Yeah, this whole year of Transformation has been about Awareness that can lead to Action and Singer says, “Awareness does not fight; awareness releases.”
Another find that helped me deal with Darkness this summer was a program by Frederick Buechner, who had experienced a great deal of pain early in his life and discovered that he was a Steward of Pain. I encourage you to read or listen to it.

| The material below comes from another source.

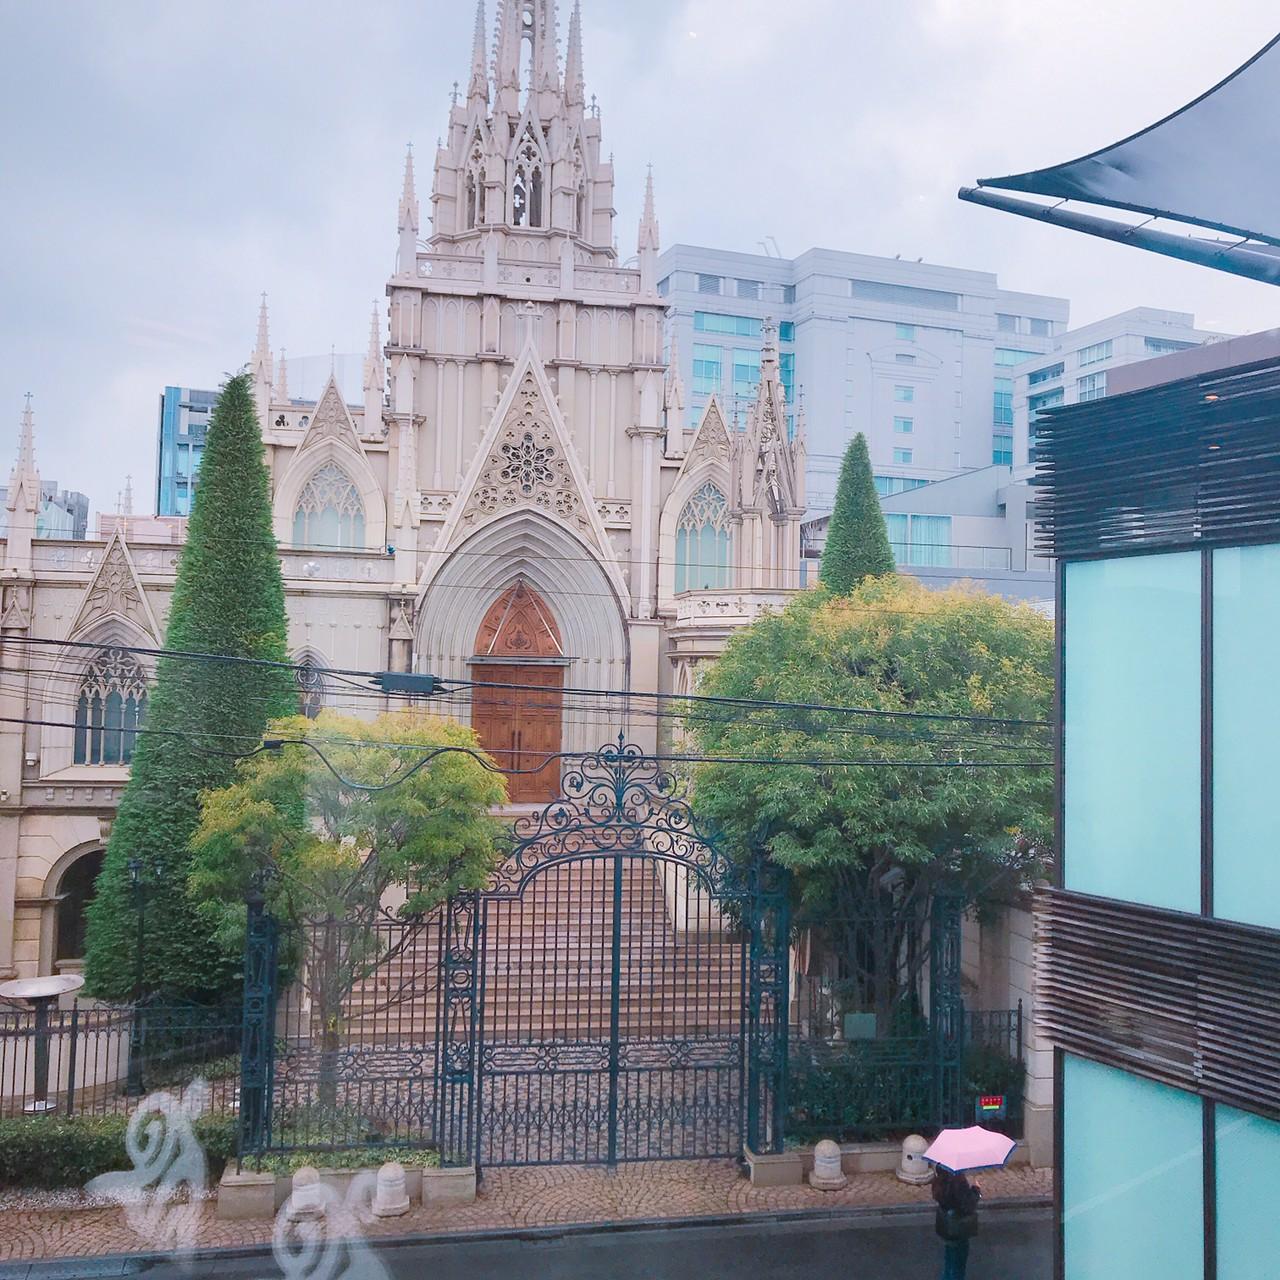 #ThisisCHOCO 【006】「VINO BUONO」が創る素敵な世界!心がくすぐられる可愛いスイーツをたっぷり堪能♡

Like Taylor, Buechner tells us NOT to forget it, cover it up, or not talk about things that cause pain OR use it as a sob story or an excuse for your life. We can take the pain and learn from it and release it but keep in touch with it. You’ll never forget it because it changed you but it doesn’t have to keep you down. He says it reminds us of our own powerlessness and that’s a good thing to know. Coupled with Singer’s advice to release your mind of a job to “fix yourself” then we won’t make ourselves crazy trying to control what is OUT of our control. One way to do this is to be an observer of your life. You see that these things are happening to you – but they aren’t you. It can help to grasp that concept with a meditation program where you do sit and see thoughts and feelings pop up but you don’t get distracted by them. To rise above.
Buechner says, “if life and pain is buried, you shrink instead of grow, you become less. Ones who traded with their lives made to be life traders. I have what you need which is me and you have which I need, which is you.” Treasure the pain you’ve gone through helps us feel compassion for other people and can drive us to help others.
I know just thinking about the thorn(s) can be painful and opens us up to that uncomfortable vulnerability to look at love and loss square in the eye, raw and aching. But no one else is going to do it for us. It’s work but it’s worth it. Loving ourselves and loving others is what life is all about.
Grace is ours if we take it.
Questions to ponder: what are the thorns in your life? How have you been protecting the thorns instead of dealing with them? What steps do you need to do to remove them?
Thanks for being a part of my “Get” year with Get Real, Get Out, Get Fit and Get Happy. I’m taking a blog hiatus so I can work on my novel in progress as well as some short stories in a collection I’m excited about. All of that on top of decorating and branding work and a personal life with a very busy fall.
If you miss me, send me a note or seek me out on social media, where I’ll try not to hang out too much but I do try to respond to messages.
Best of luck on your journey, friends.